秘密の兄妹
第15章 美加の復讐
「悠人の馬鹿!!!本当にむかつく!!!
私たちのことをさんざんもてあそんでおいて、自分の妹がもてあそばれるのは嫌だなんて、どれだけ我が儘なのよ!!!
今回のこと、私は絶対に謝らないわよ!!!
全部、悠人のせいなんだから!!!!」
「…………」
「私たちがどれだけ傷ついてたか、あんたはきっとこんなことになった今でも分かってないでしょう!!?

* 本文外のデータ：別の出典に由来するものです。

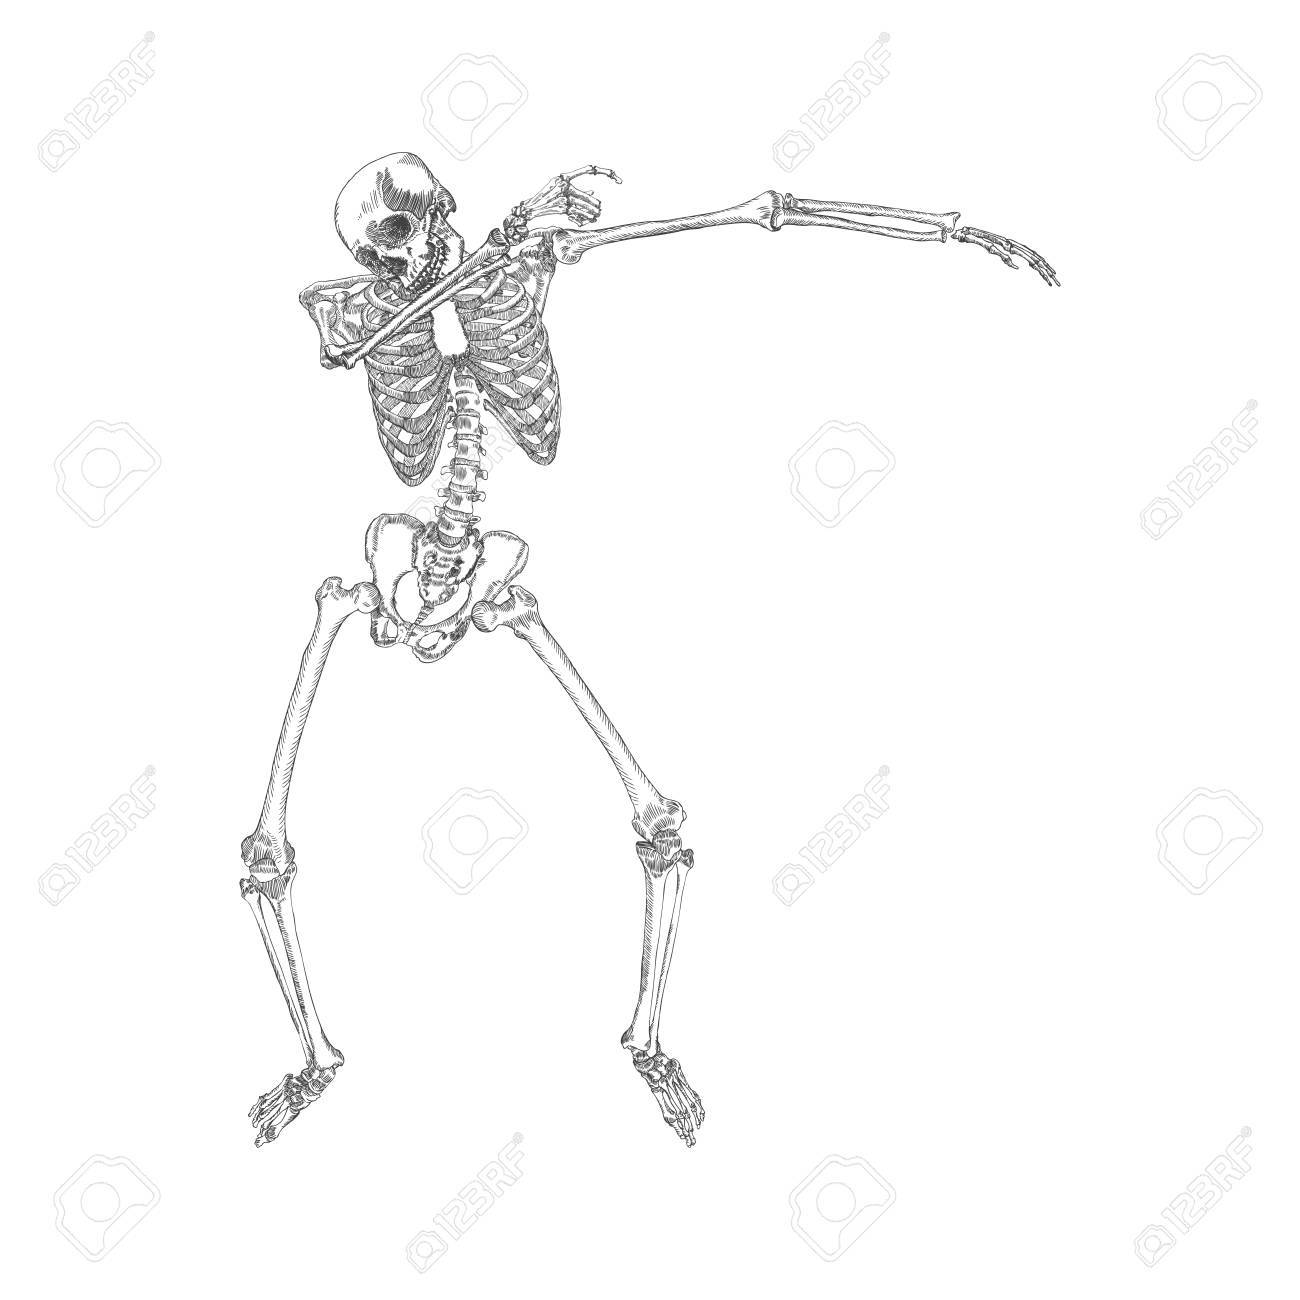 Human Skeleton Making DAB Perform Dabbing Dance Move Gesture

あんたのその腐った性格は、きっと一生治らないわよ!!!」
「…………」
「…美加さん……」
私が悠人を睨み付けていると、紫織ちゃんが一歩前に出てきて、私に塗り薬を渡す。
「…首の痣、痛いでしょう?これ、保健室の先生から貰ってきました。
あとででもいいので、ちゃんと薬、塗っておいてください。」
「…………」
私が黙ると、紫織ちゃんは、私とそこにいる女子全員に深々と頭を下げた。
「兄が皆さんを傷つけて、本当に申し訳ありませんでした。
兄に代わって私が謝ります。
本当にごめんなさい…」
「…………」
紫織ちゃんの謝罪に、そこにいる全員が黙る。
紫織ちゃんは頭を上げると、私の首の痣を見つめて口を開く。
「…外にできた傷なら、見た目とかで、どれくらい痛いか少しは想像ができますけど、心の傷は外の傷みたいに目には見えないから、相手の人がどれだけ傷ついているか、どんなに痛い思いをしているのか分かってあげられない…」
「…………」
「きっと、お兄ちゃんは美加さんたちの心をすごく傷つけたんだと思います。
今回のことは、どう考えても私の兄に責任があります。
美加さんたちは悪くない…」
「…………」
紫織ちゃんはそう言うと、目からボロボロと涙を流す。